08 December 2015

For Amy


Oldest daughter has passed her licensing exam as a social worker. I am thrilled. All of the anxieties and insecurities that studying for the test called up are now put to rest temporarily¾alas, there are an infinite variety of licensing exams we must continue to take throughout our lives¾ but for now the immediate is now the past. And oldest daughter steps further into responsible adulthood (?) and maturity. Kurt Vonnetgut once said that maturity is a disease for which laughter is the only cure, if laughter can be said to cure anything. I hope neither of my children will ever achieve that maturity that contains not the possibility of laughter and not a little insanity. As Winnicott said, “We are poor indeed if we are only sane.” I would wish complete sanity on no one—and have perhaps never known it myself.
     And so this movement of the daughter throws me into some depression.

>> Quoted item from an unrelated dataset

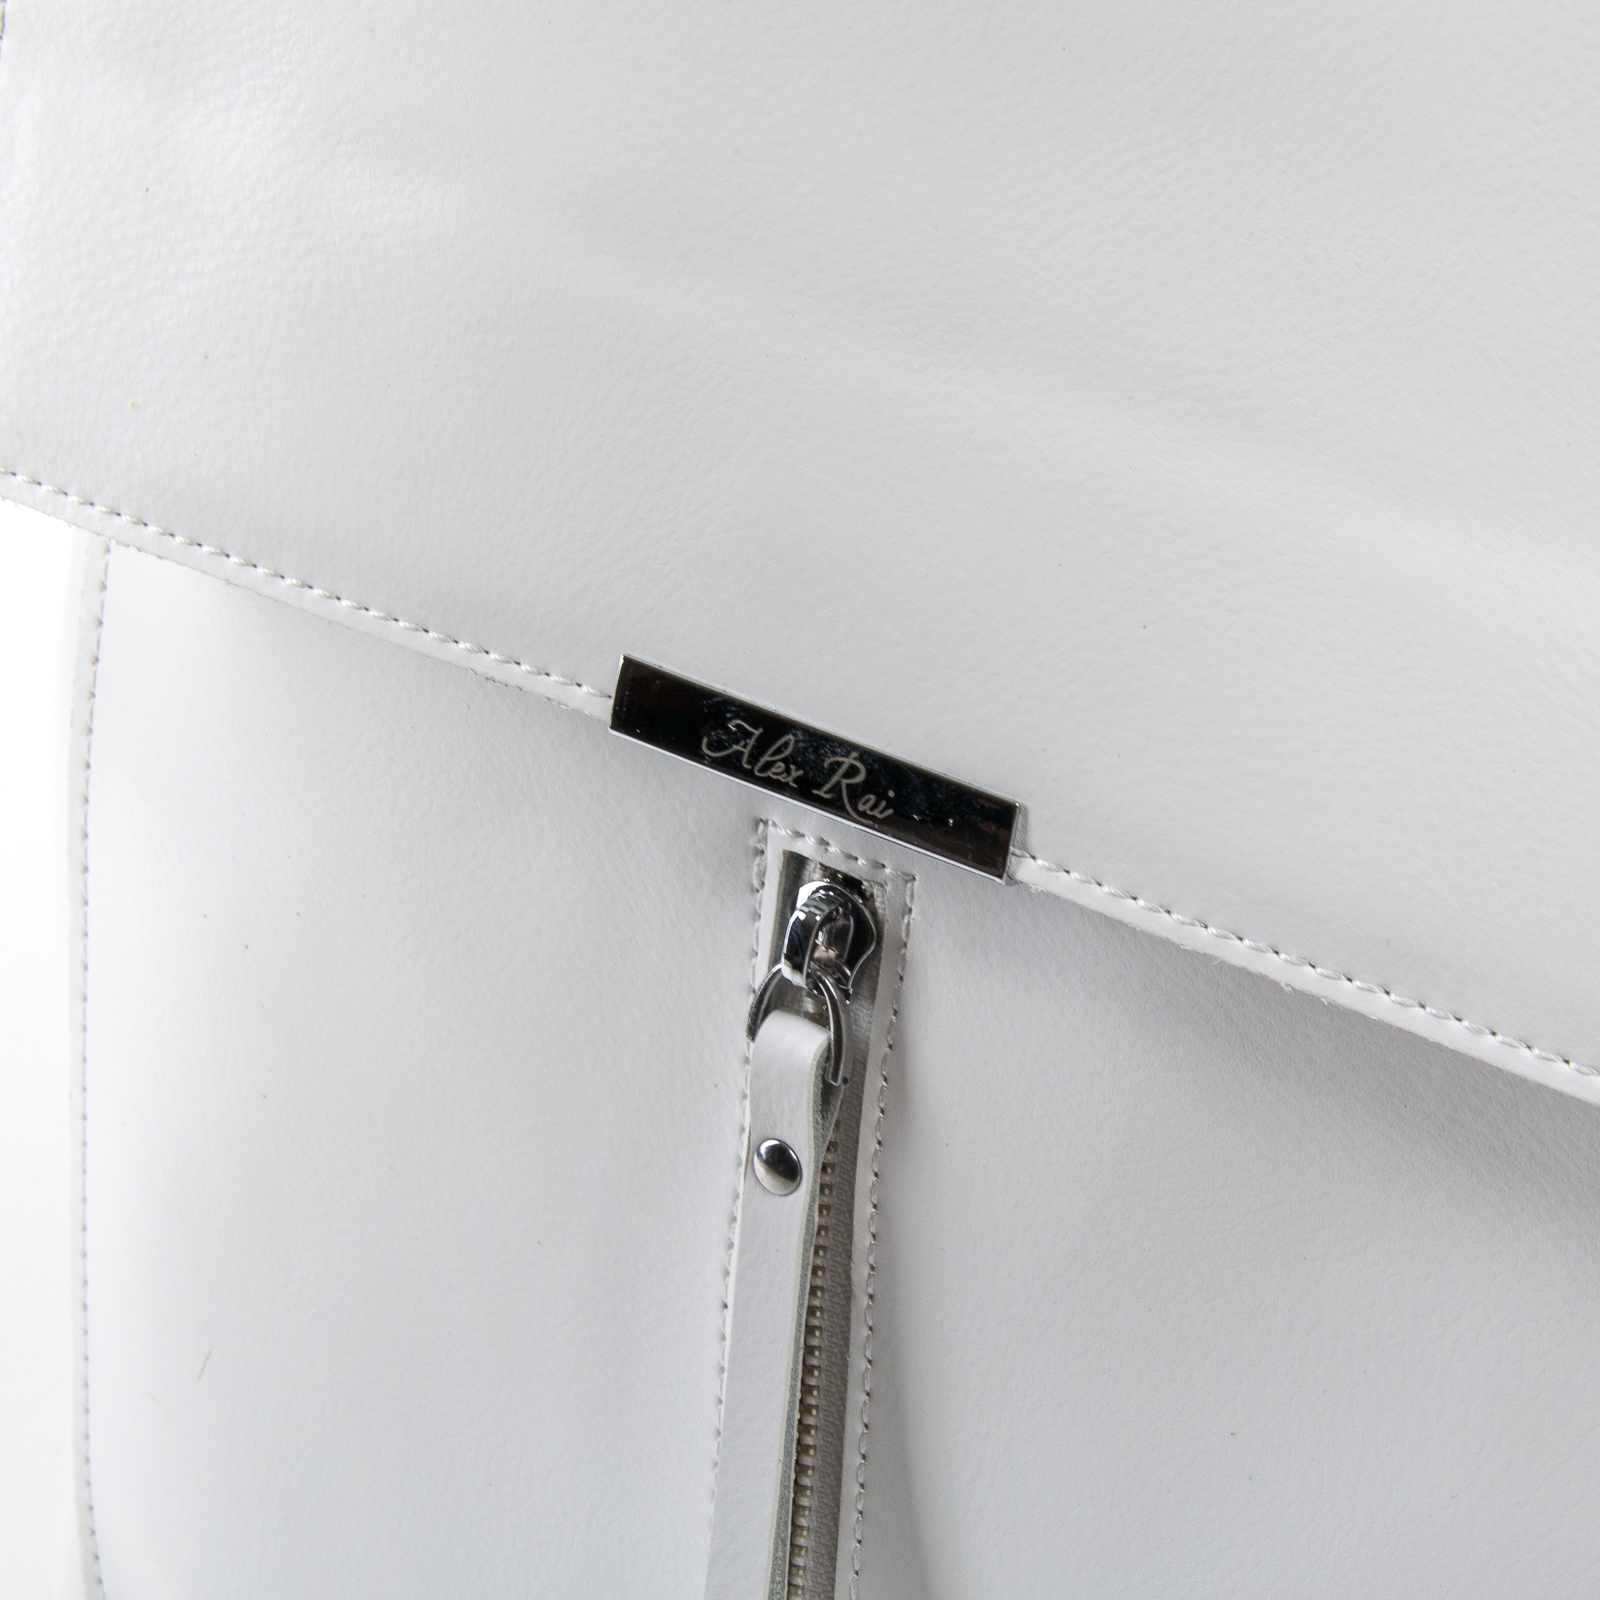 Сумка Женская Рюкзак кожа ALEX RAI 03-01 373 white - фото 3

Winnicott (again and still) asserts that depression occurs when the individual knows that he “has an inside,” and has the capacity to endure (to suffer through) and to contain the strains and stresses that arise in the personal inner psychic reality” as a product of living in this world. I think what Winnicott refers to here is the occurrence in depression in the shift in the forces that give structure to the ego-¾to the self¾and which then  threaten the stability of the individual. But depression, Winnicott argues, may be understood as a sign of health because depression indicates that the ego is not ‘disrupted,’ and may soon again be a sum. “Depression coming on, continuing and lifting, indicates that the ego structure has held over a phase of crisis. This is a triumph of integration.” I have hope.

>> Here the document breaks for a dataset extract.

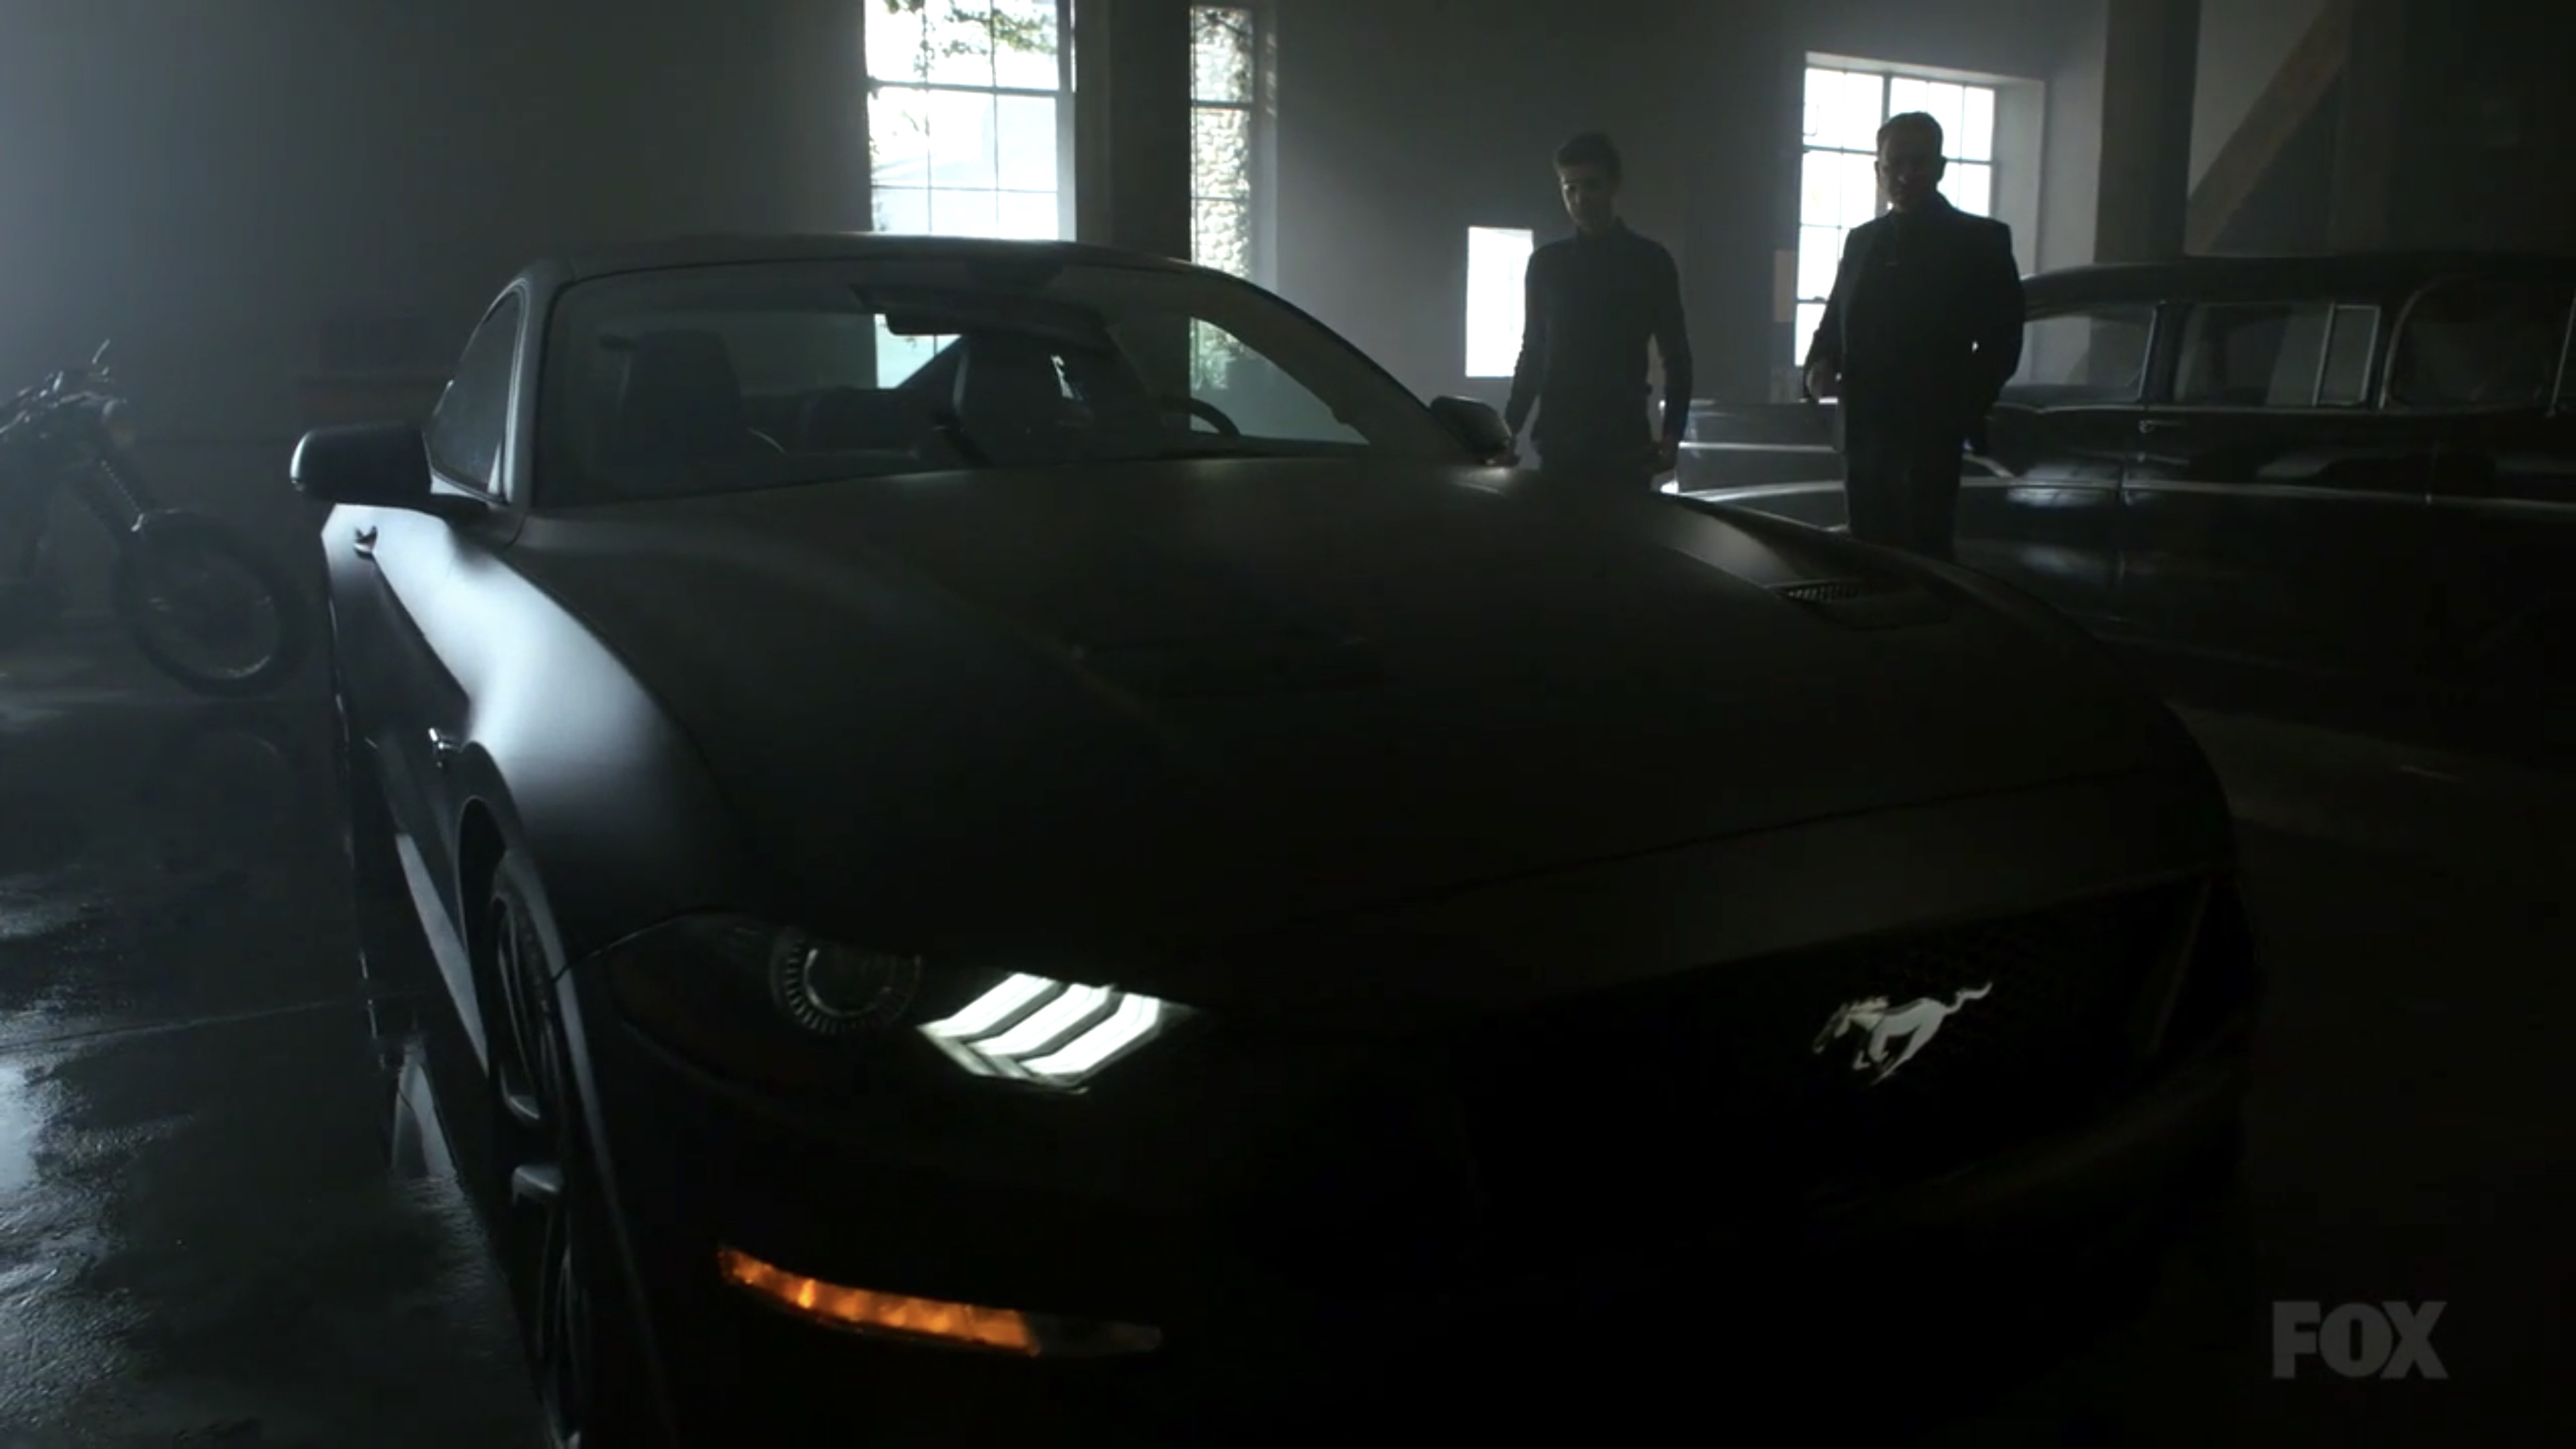 Black 2018 Ford Mustang >> Watch Bruce Wayne receive his first Batmobile on 'Gotham' - Batman News

     Depression arises, says Winnicott, with a new experience of destructiveness and of destructive ideas that accompany loving, and along with loving the feelings of hate. These new experiences require a reassessment by the individual of the interplay of forces and objects that constitute the inner reality of the individual at any one time.” The threat that the individual experiences, of course, is of disintegration: the coming apart of the ego, of the Self. Depression that lifts signals the survival of the Self in its new dynamics.

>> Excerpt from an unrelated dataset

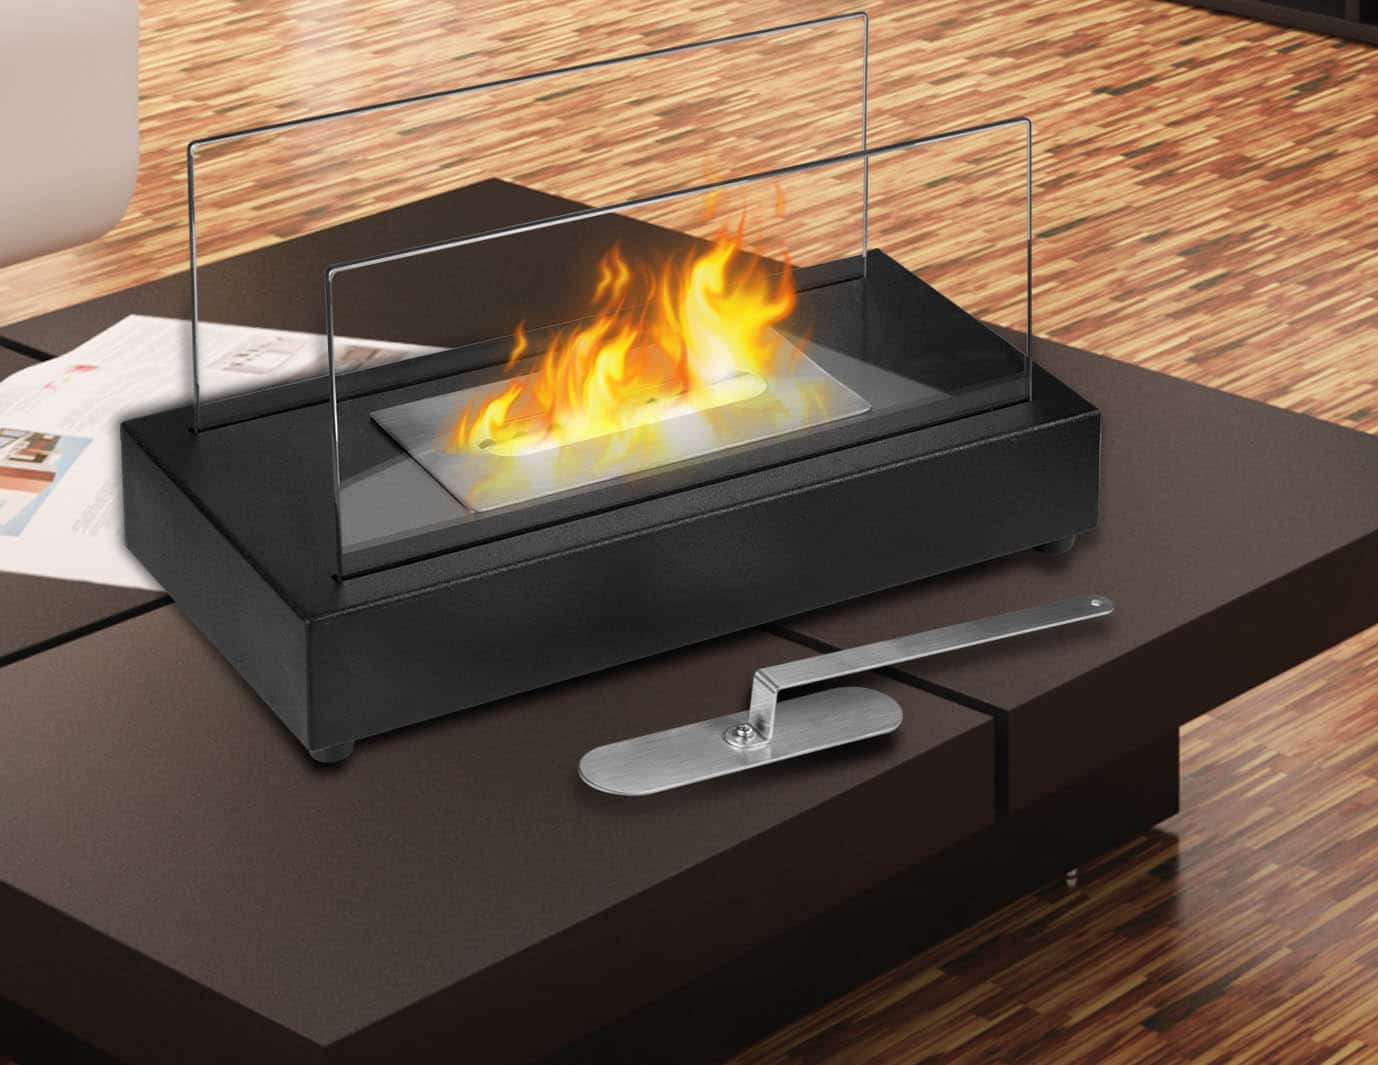 gagnez un foyer de table l 39 thanol de 125 quebec echantillons gratuits. Black Bedroom Furniture Sets. Home Design Ideas

     With the children’s movement into adulthood (whatever that might be, in truth, I really don’t know with any certainty) I am required to reassess the interplay of forces and objects that constitute my inner reality because in their growths the children have established, indeed demand, different relationships with me and require of me different attitudes, needs, and responses. I love them yet, but the love contains necessary elements of hate.  I am no longer what I once was but am not yet sure who I am still to be. I am depressed.
     Winnicott says the best thing the analyst could do for the depressed person is to tolerate the depression until it spontaneously lifts, which is to say, I think, to assure the depressed person (in this case, c’est moi!) it will spontaneously lift and only that experience will feel right.